Sometimes, of course, prosecutors and investigators will give someone a promise of immunity, or at least a promise of leniency, if that person is willing to provide vital evidence against someone else.  The Fifth Amendment does not shield one from the cooperation of a friend, neighbor, colleague, or associate; you can only invoke the privilege for yourself.

What is most complicated about “pleading the Fifth” is claiming that protection to head off a demand for records.  It is by no means clear that, if records are not really the personal papers of a specific individual, that the individual can claim the privilege for those papers, even if their revelation would be incriminating.  Again, the privilege is a personal one, not one that goes with one’s position, let us say.

If prosecutors or investigators identify on their own a specific set of papers, or a kind of document, and they can show that it is not personal to the individual who possesses it, the likelihood is that the Fifth Amendment protection would not apply.    That could well be what the New Jersey investigators have done with documents that they think will tell them something about the scandal over the George Washington Bridge traffic lane closures.  They already know about e-mail exchanges, for example, and they perhaps can get by with demanding the disclosure of the rest of the “thread” in such exchanges – especially if the writers of the e-mails composed them voluntarily.

But prosecutors or investigators cannot go on what is called a “fishing expedition,” by requiring an individual who is targeted by their investigation to identify the papers that would respond to what the investigation’s goal is.  The Supreme Court has ruled explicitly that an individual can “claim the Fifth” against a demand that he or she find the responsive papers, identify them, and then hand them over.  That is called, technically, the “act of production” and it is protected from compulsion.

If a subpoenaed individual refuses explicitly to comply with a demand for documents, that can set up a confrontation that is likely to wind up in the courts.  The investigator may seek to have that individual held in contempt, but only if the claim of privilege is outside what the Fifth Amendment protects.  The investigator can refuse to acknowledge that a document would be incriminating (as the New Jersey committee seems to have concluded about some of the papers it had demanded), but cannot actually compel its production unless the claim of privilege is found wanting by a court.

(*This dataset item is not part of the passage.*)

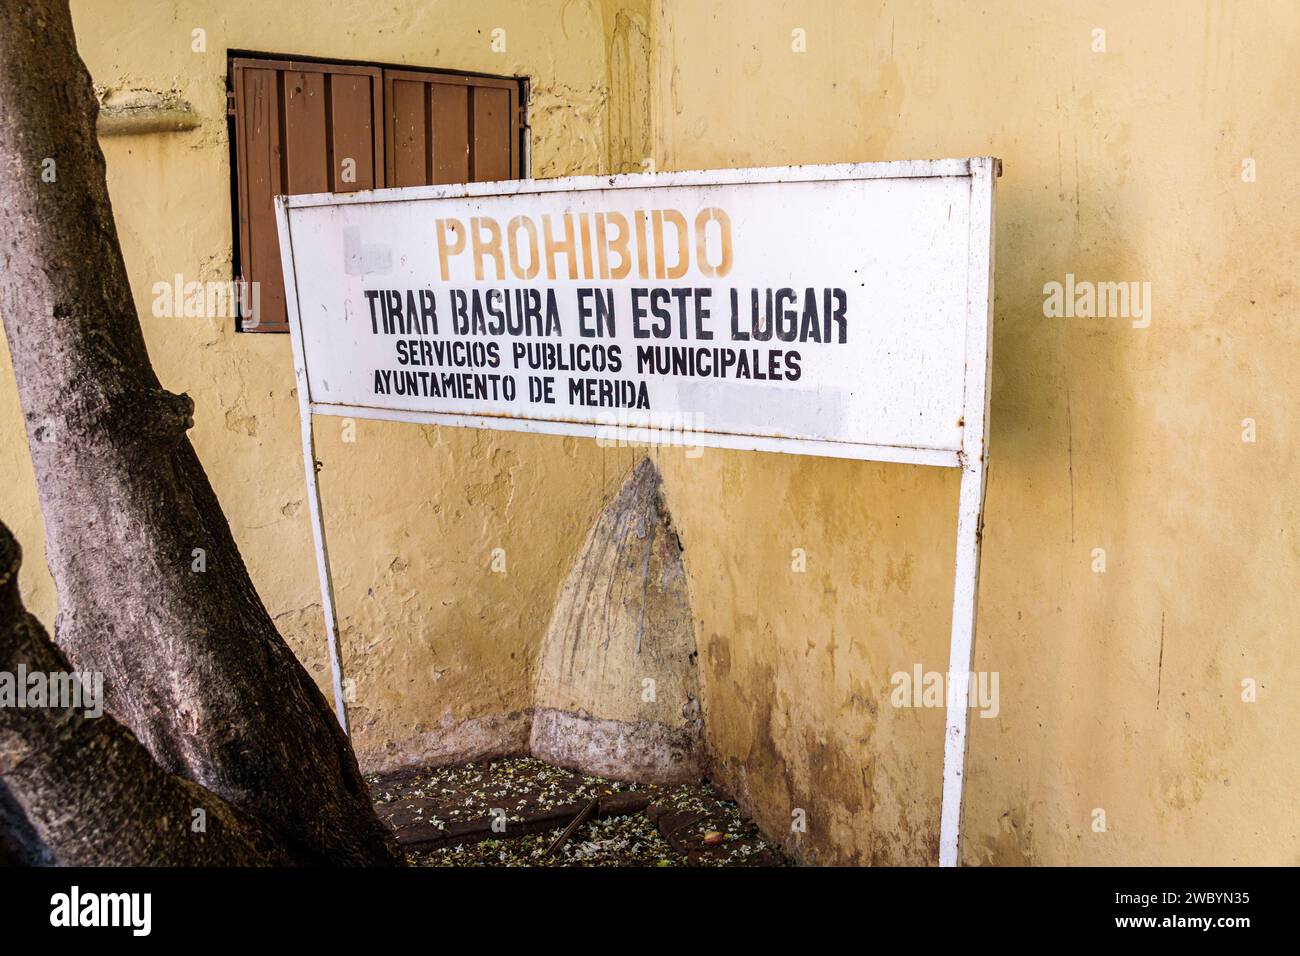 Merida Mexico, Centro Historico Central Historico, zentrales historisches Viertel, das Werfen von Müll verboten, das Rathaus-Schild für öffentliche Dienste warnt Stockfoto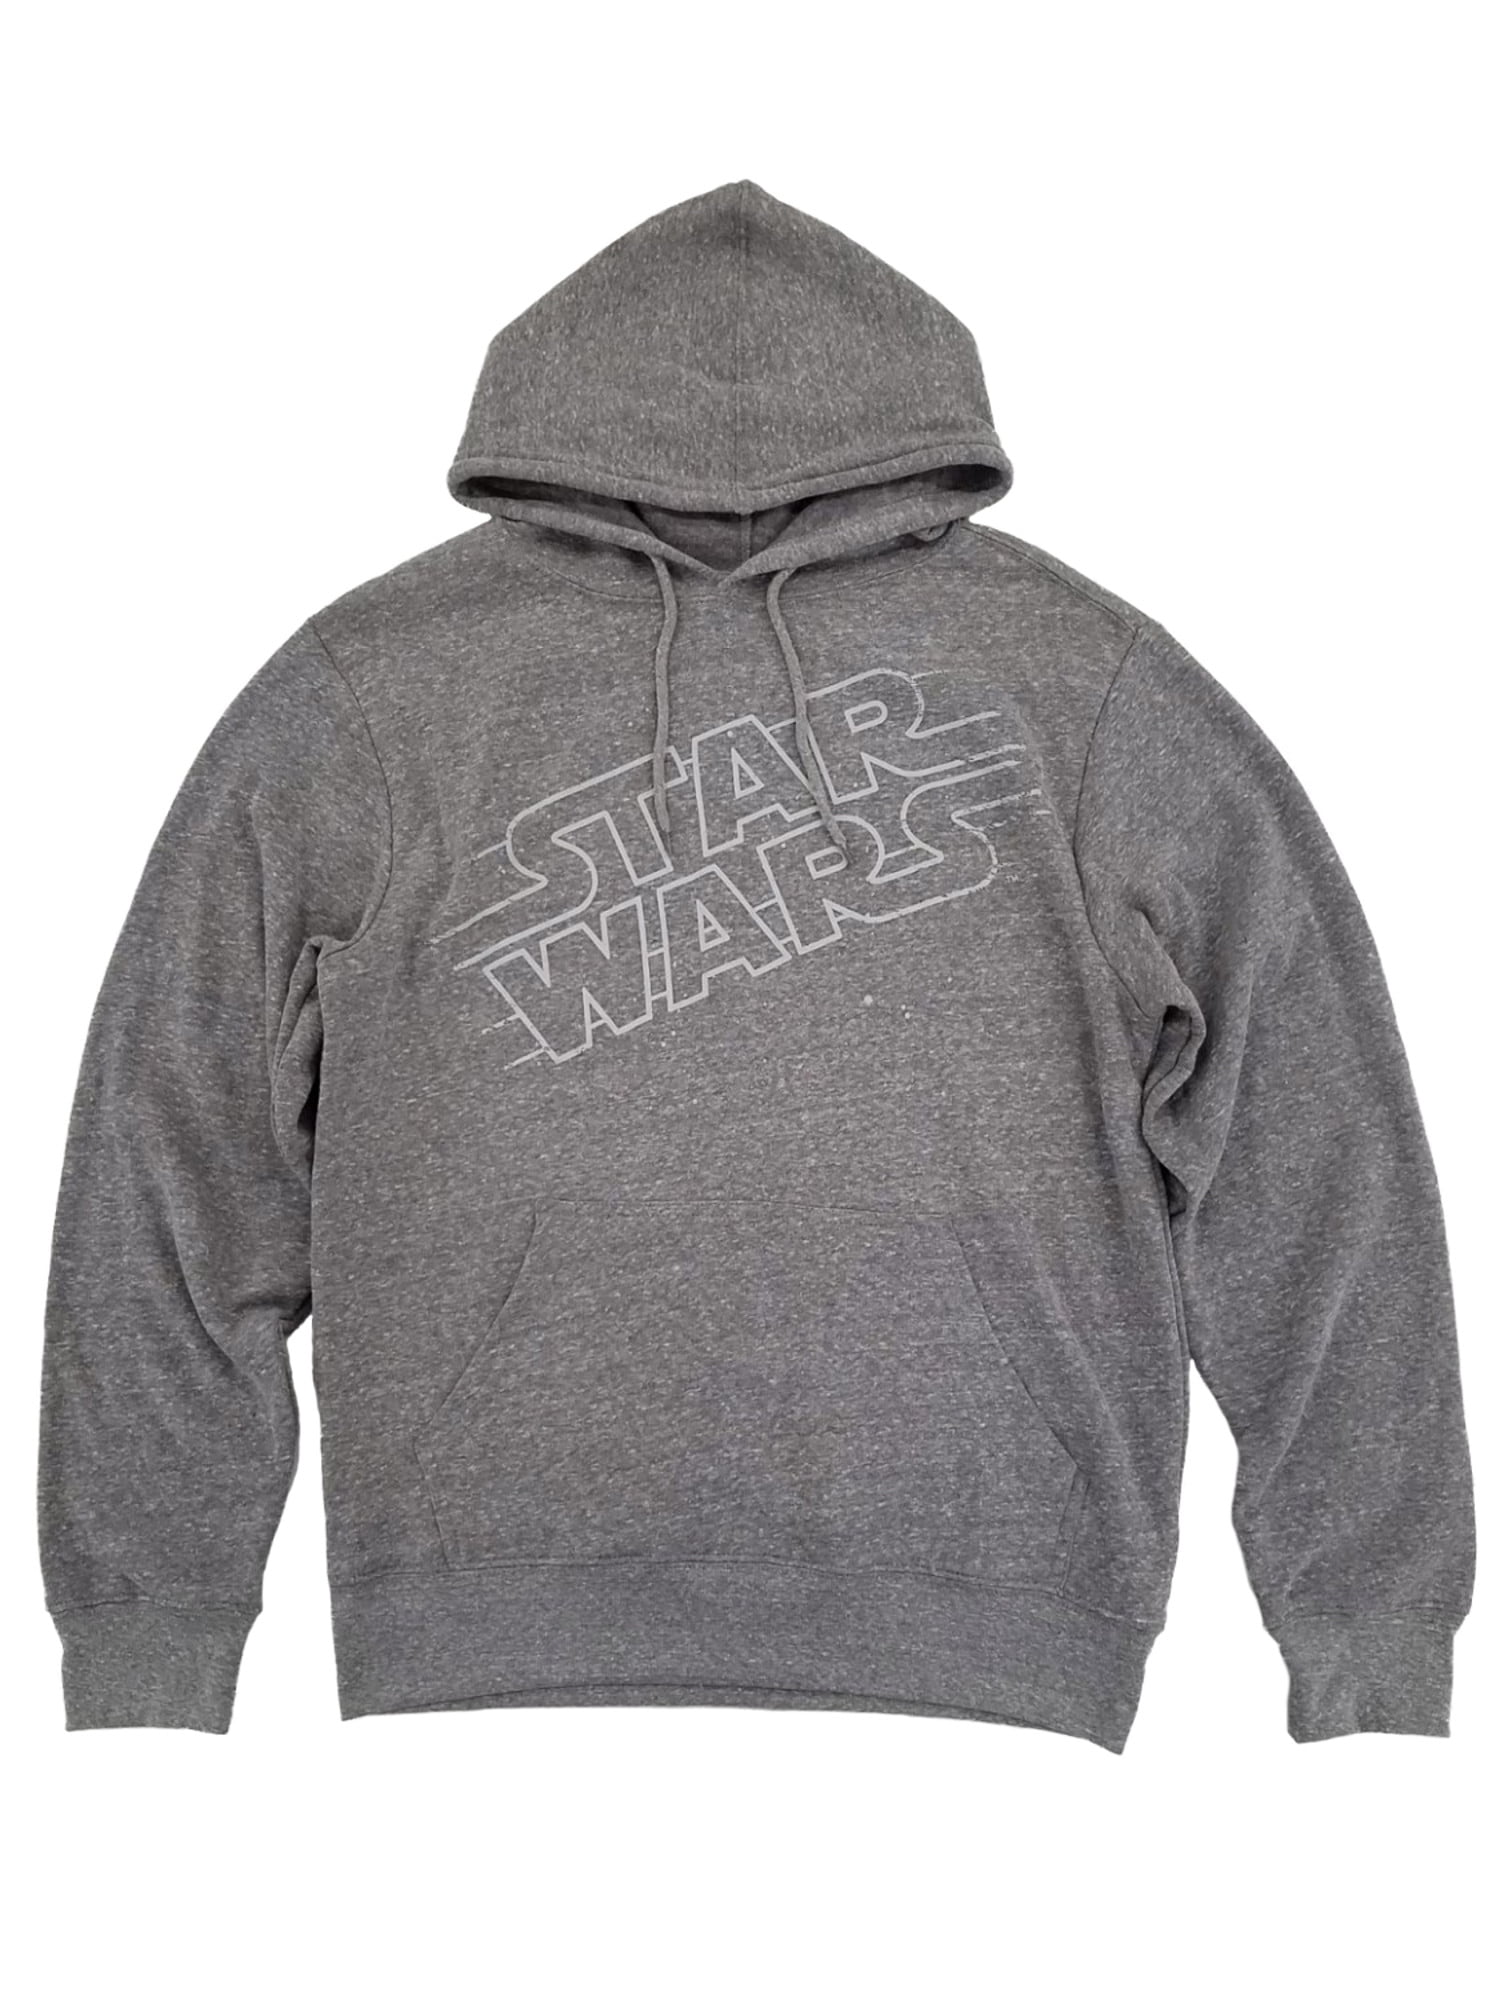 Star Wars Mens Heather Gray Pullover Hoodie Sweatshirt

The risk for the investigator, of course, is that a court may be convinced that the demanded papers do, indeed, reveal potential criminal conduct, that they are thus covered by the Fifth Amendment, and that the only way their turnover can be demanded is by a grant of immunity.  That then may be an opening for a negotiation: What does a witness or a prosecutor have to swap in exchange for getting the documents?

Lyle Denniston is the National Constitution Center’s adviser on constitutional literacy. He has reported on the Supreme Court for 55 years, currently covering it for SCOTUSblog, an online clearinghouse of information about the Supreme Court’s work.